“对此我向两位执法员诚恳道歉,本以为律师已向报案人家属,解释清楚我们与此事无关。”
“但忽略了昨晚的时间,这才造成了律师没能与报案人家属及时沟通。”
“首先,我对报案人的遭遇深表同情。”
“其次,虽我们与报案人有过语言冲突,但基本是报案人一直在用语言,肢体动作羞辱,威胁我和我的朋友。”
“我想酒店里的监控可以证明这一点。
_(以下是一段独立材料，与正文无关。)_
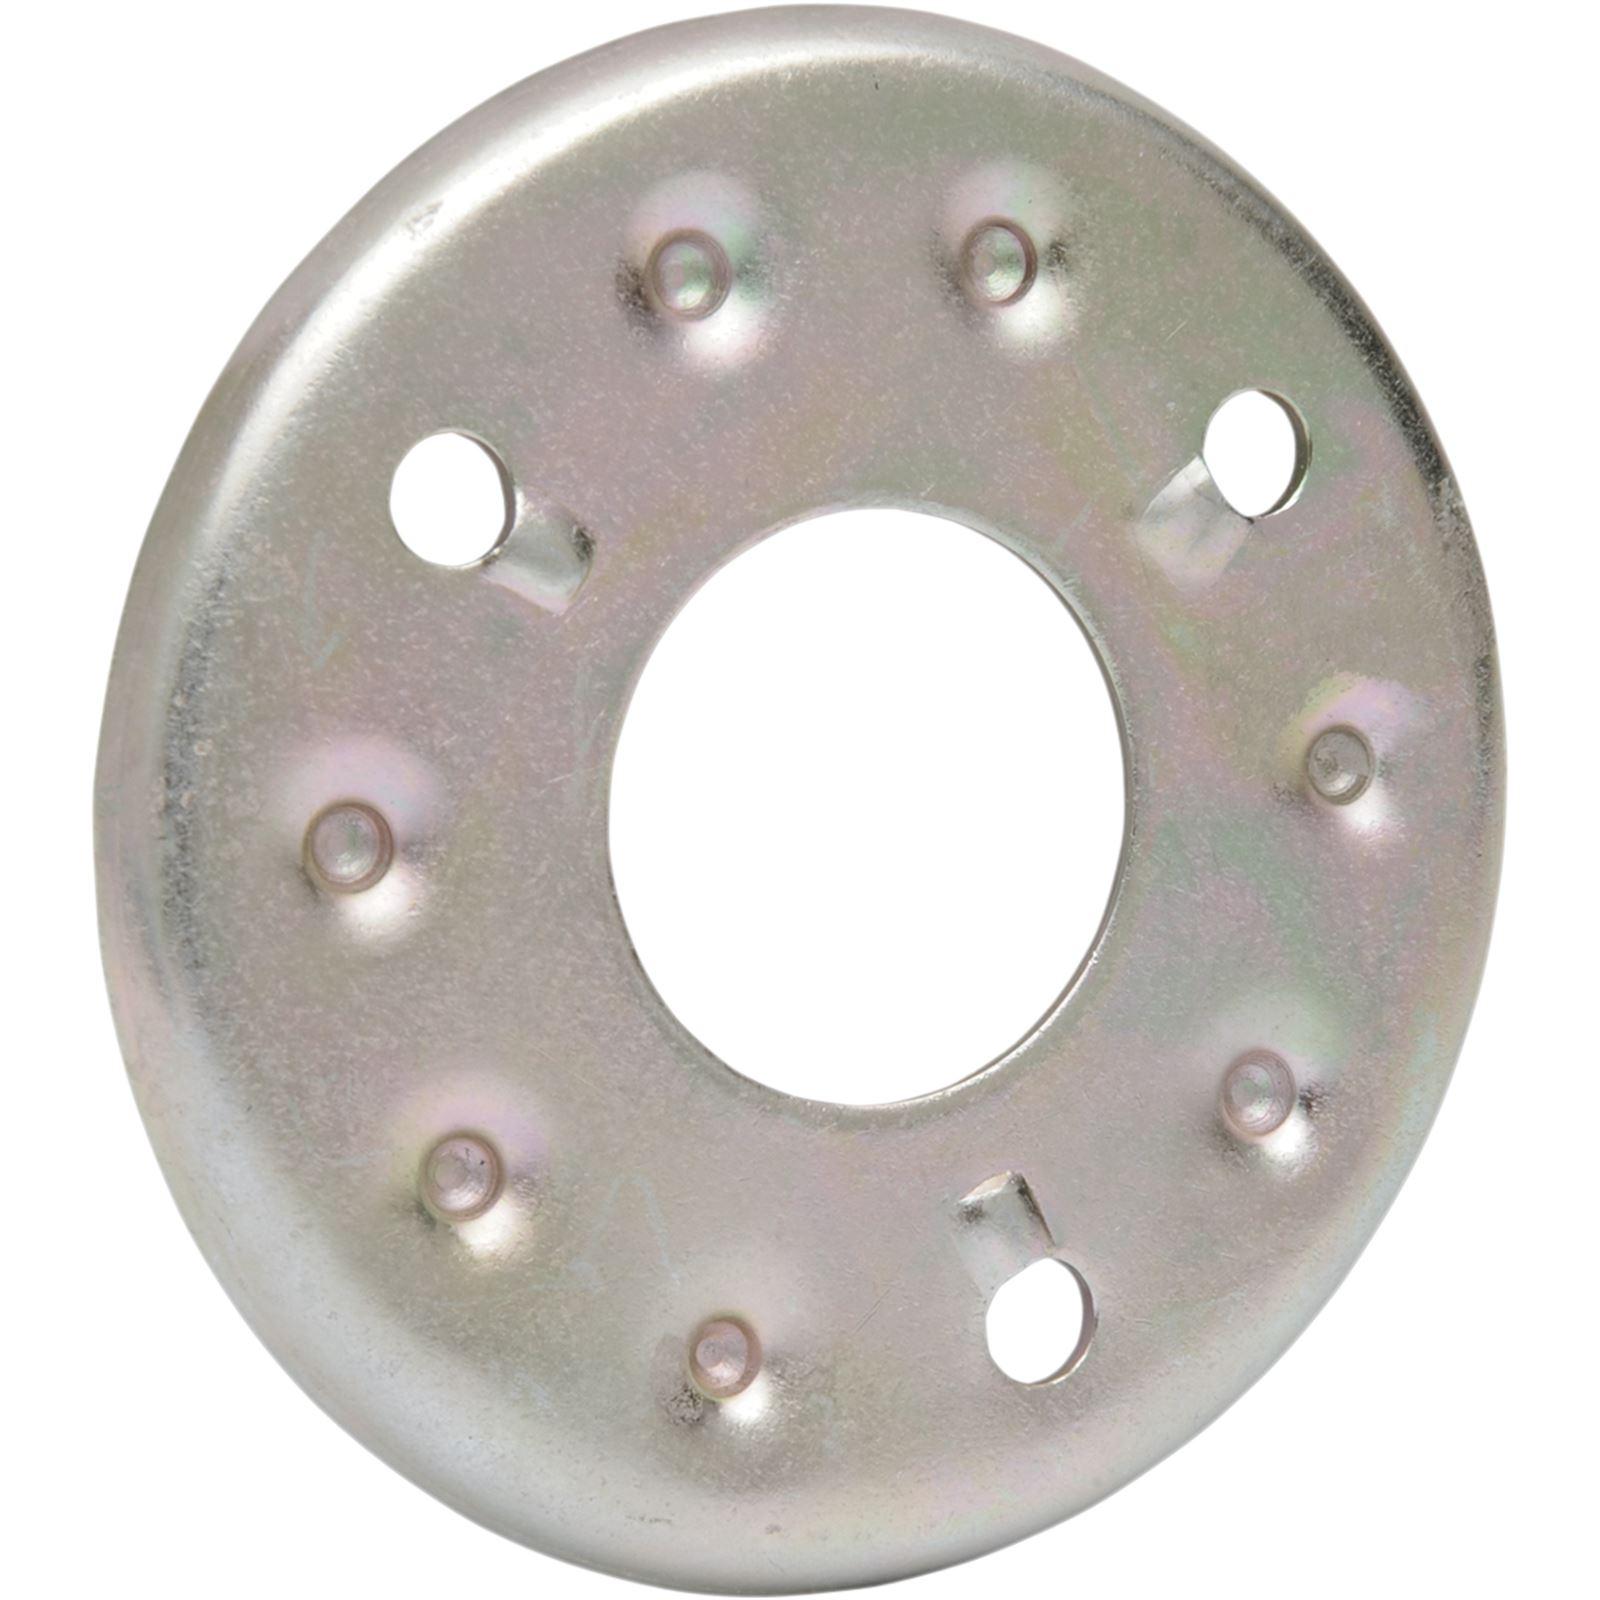 Eastern Motorcycle Parts Pressure Plate - 38010-41

”
“最后,你们可以调各路口,小区的监控,我们有充分不在场证明。”
“这一点我想执法队的同志已经调查清楚了,我就不再强调。”
“你放屁,就是你打的,我儿子认得你们的身形。”对面那妇人站起身指着李天一嘶吼道。
李天一丝毫不恼,淡淡回道:“这位女同志,请注意你的行为和语气。”
“说话要讲证据,没证据你就是污蔑。”
“还有,我不是你的谁,注意和我说话的态度。”
“这里是讲证据,讲法律的地方,不是谁嗓门大,谁不要脸就有理的地方。”
转头看向执法员:“执法员同志,前天晚上我们吃完饭就回了公司安排的宿舍,随后我与雇主女儿回了她们的别墅。”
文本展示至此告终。